Mr. DiGregorio, age 54, joins the Company from St. John Knits International, Inc., a luxury women’s apparel company, where for the past three years he has served as Executive Vice President and Chief Financial Officer. Prior to joining St. John Knits International, Inc. Mr. DiGregorio served as Executive Vice President and Chief Financial Officer of Jafra Cosmetics International, Inc., where during his nine years at the company, he was also the President and Chief Operating Officer of U.S. Operations, as well as General Manager and Chief Operating Officer the company’s operations in Mexico.

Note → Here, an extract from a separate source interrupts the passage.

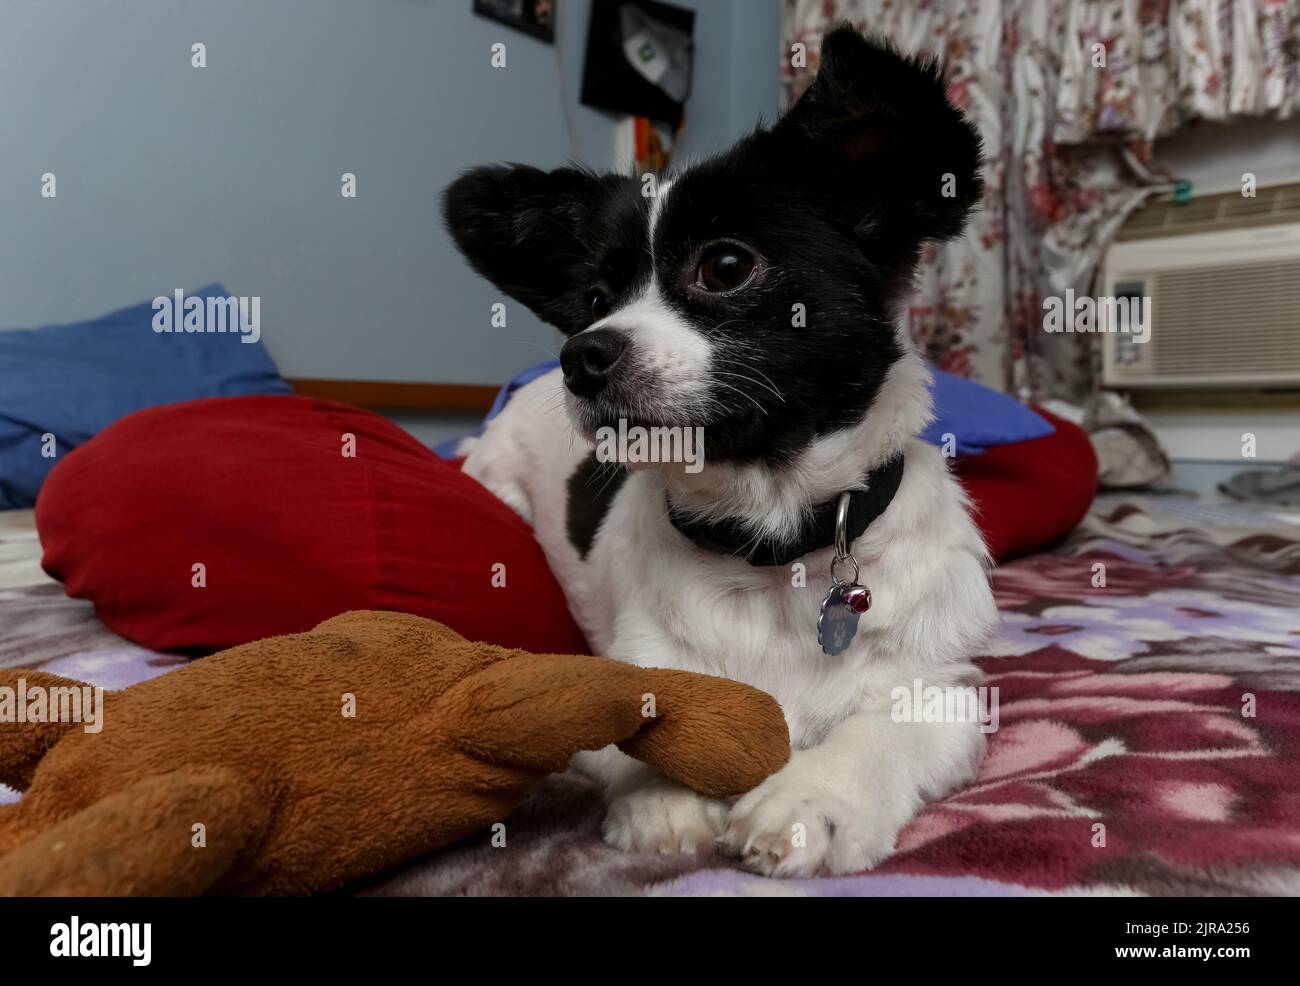 Eine Nahaufnahme eines schwarz-weißen Papillon-Hundes, der mit seinen Spielsachen im Raum liegt Stockfoto
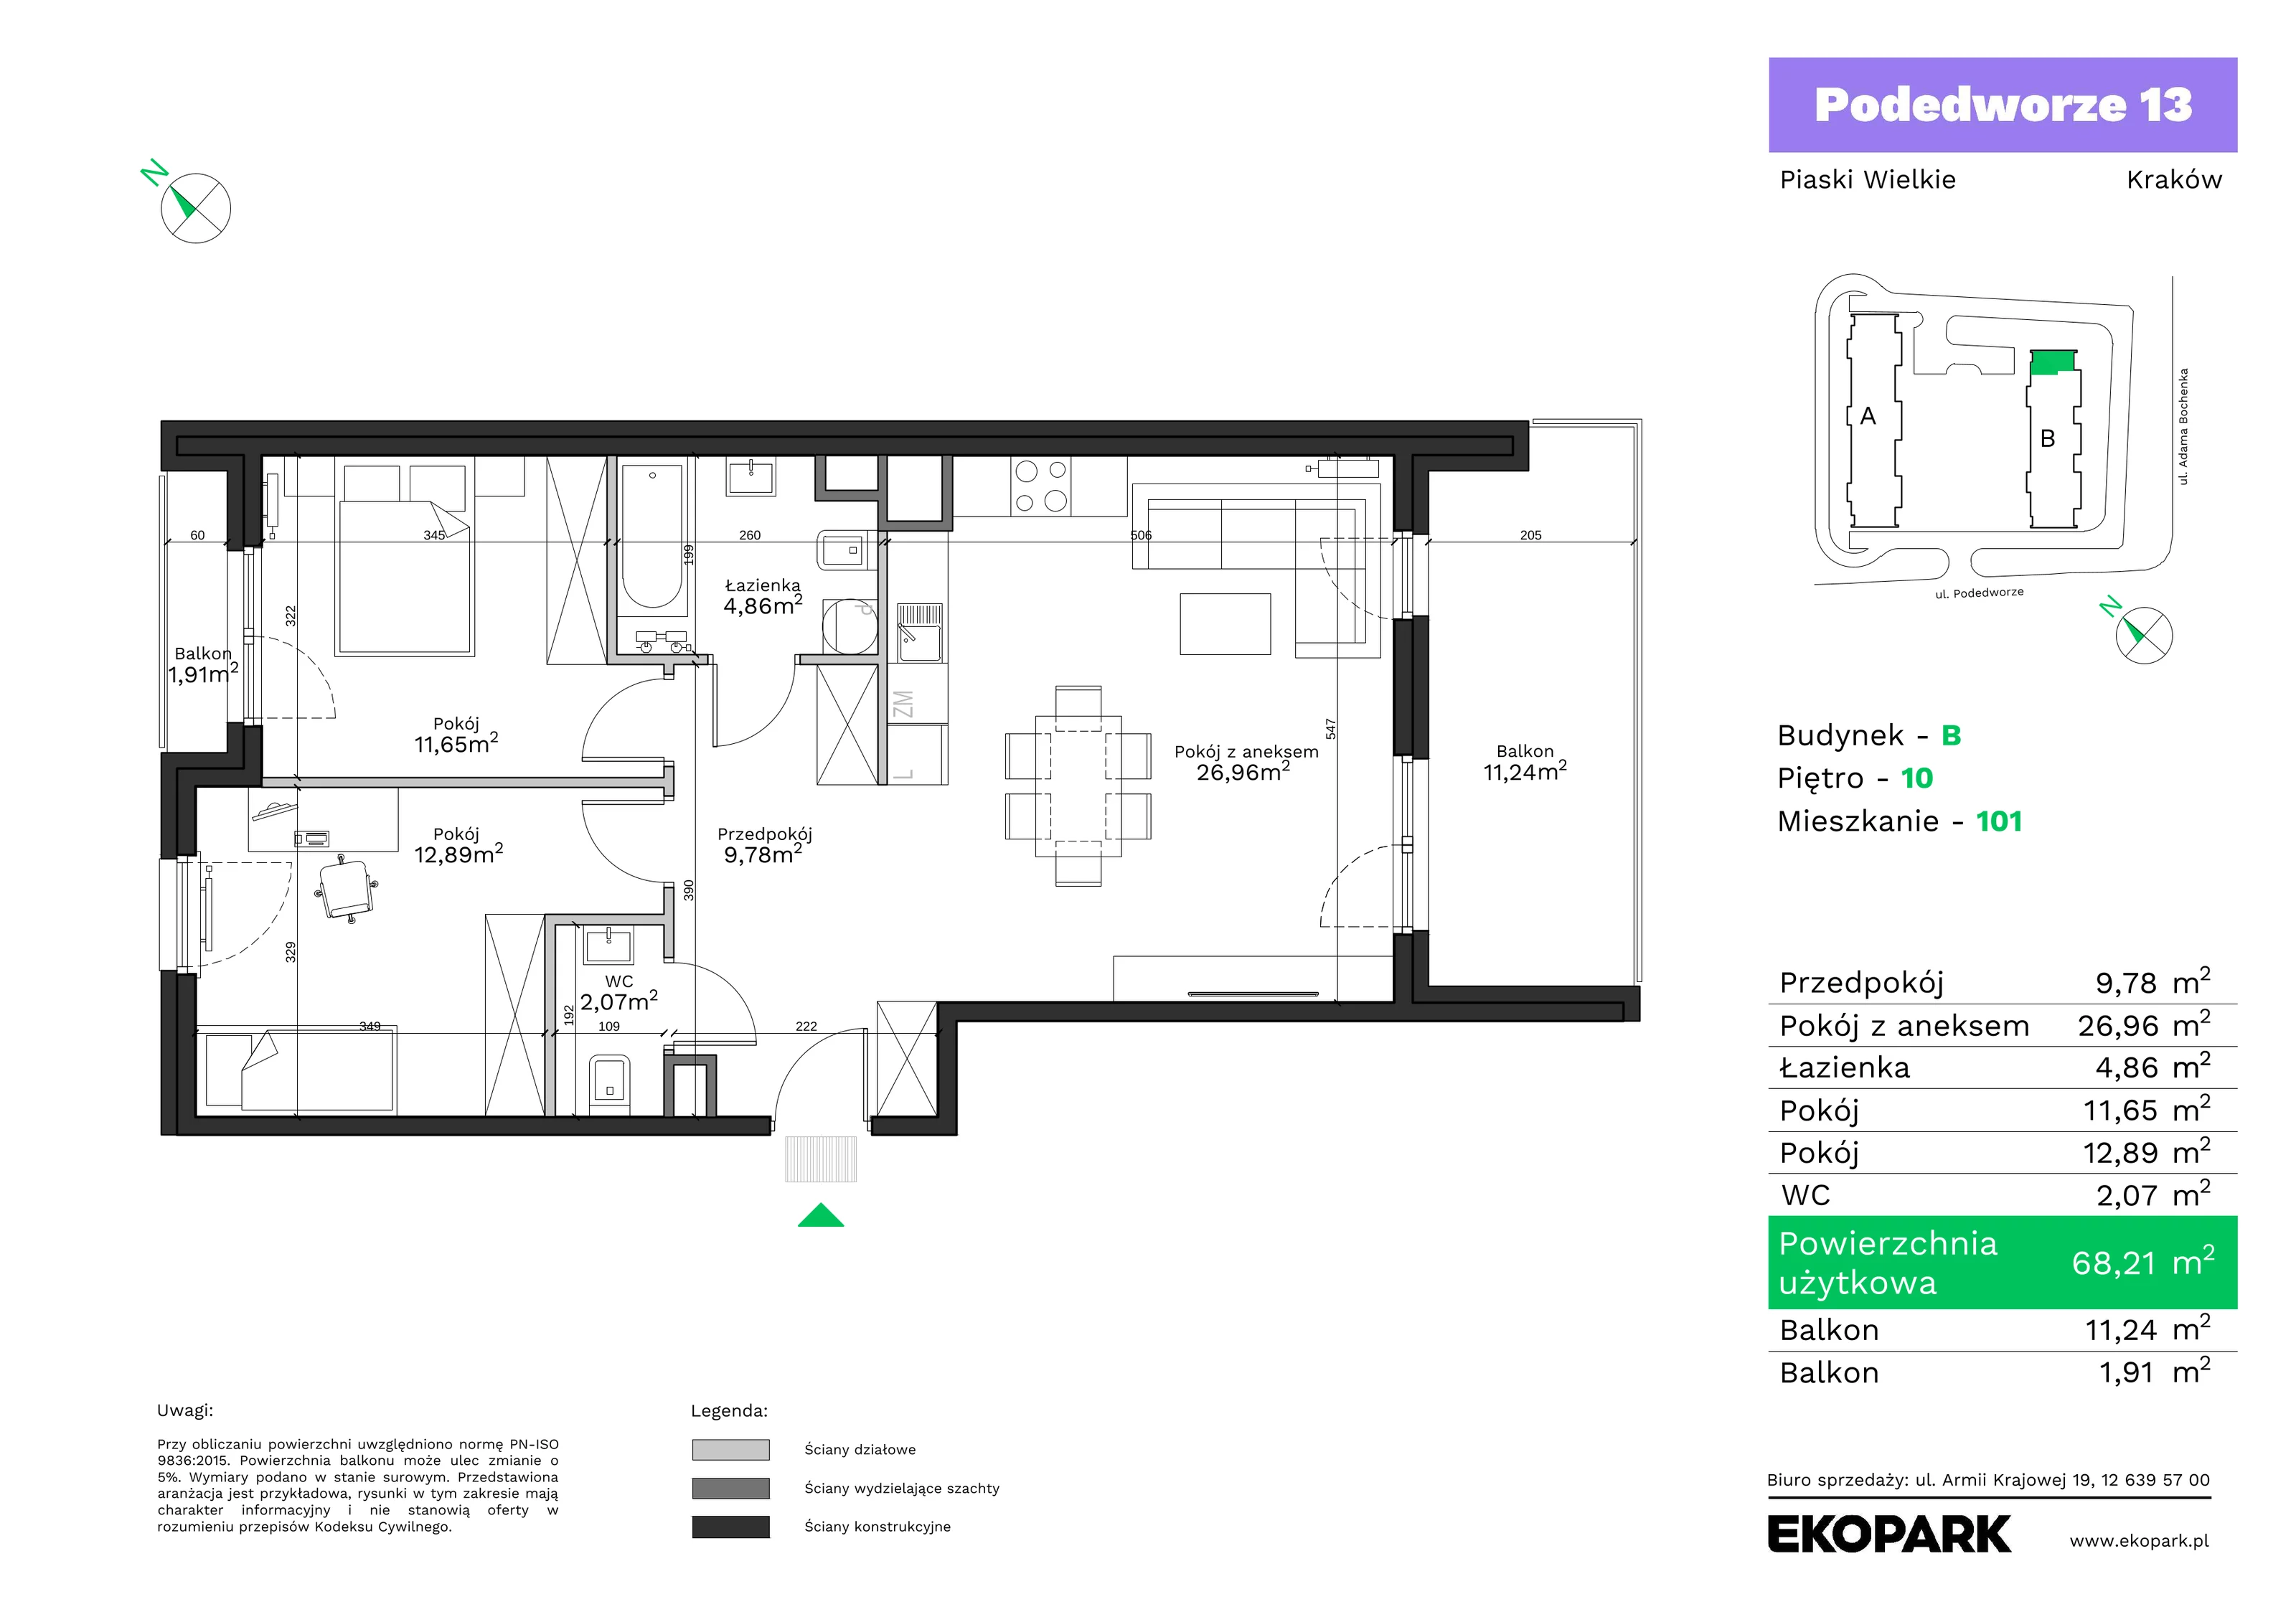 Mieszkanie 68,21 m², piętro 10, oferta nr B101, Podedworze 13, Kraków, Podgórze Duchackie, Piaski Wielkie, ul. Podedworze 13

Pursuant to the terms of the employment agreement between the Company and Mr. DiGregorio, Mr. DiGregorio will receive an annual base salary of $475,000 and is eligible for an annual target cash incentive award equal to 75% of his annual base salary with the ability to earn additional amounts up to a maximum cash award equal to 150% of his annual base salary. For fiscal year 2010, Mr. DiGregorio will receive a guaranteed cash incentive award of no less than $225,000, payable in 24 equal semi-monthly installments, subject to Mr. DiGregorio’s continued employment. Upon the later of the commencement of his employment or the approval by the Board and/or the Compensation and Personnel Committee of the Board, Mr. DiGregorio will receive an initial one-time stock option award with a target grant value of 75% of his annual base salary which will vest in four (4) annual installments from the effective date of grant, in each case subject to Mr. DiGregorio’s continued employment. Commencing with the completion of fiscal year 2010, Mr. DiGregorio is eligible to receive annually at the close of each fiscal year (i) an award of performance shares, with a target grant value of 37.5% of his annual base salary, which will be earned at the end of, and based on the Company’s performance during, a performance period of 3 years; and (ii) a grant of restricted stock and/or stock options, with a target grant value of 37.5% of his annual base salary, which will vest in four (4) annual installments from the effective date of grant, in each case subject to Mr. DiGregorio’s continued employment.
In the event that Mr. DiGregorio’s employment is terminated by the Company without cause or by Mr. DiGregorio for good reason prior to a change in control or more than 12 months after a change in control occurs, the Company will pay Mr. DiGregorio the following severance payments: (i) his accrued compensation, (ii) a pro-rata portion of his annual cash incentive award, (iii) a cash payment equal to one time his then current annual base salary to be paid over 12 months, (iv) reimbursement of COBRA coverage premiums for Mr. DiGregorio and his covered dependents for up to 18 months, (v) all outstanding stock options and other equity type incentives held by Mr. DiGregorio and all benefits under the Company’s Executive Capital Accumulation Plan (the “ECAP”) at the time of termination, except for performance shares, that would have vested in the 12 months following the date of termination will become fully vested as of the date of termination, and (vi) a pro-rata number of performance shares based on target performance and the number of days Mr. DiGregorio was employed during the performance period plus an additional year (provided this number of days does not exceed the number of days in the performance period).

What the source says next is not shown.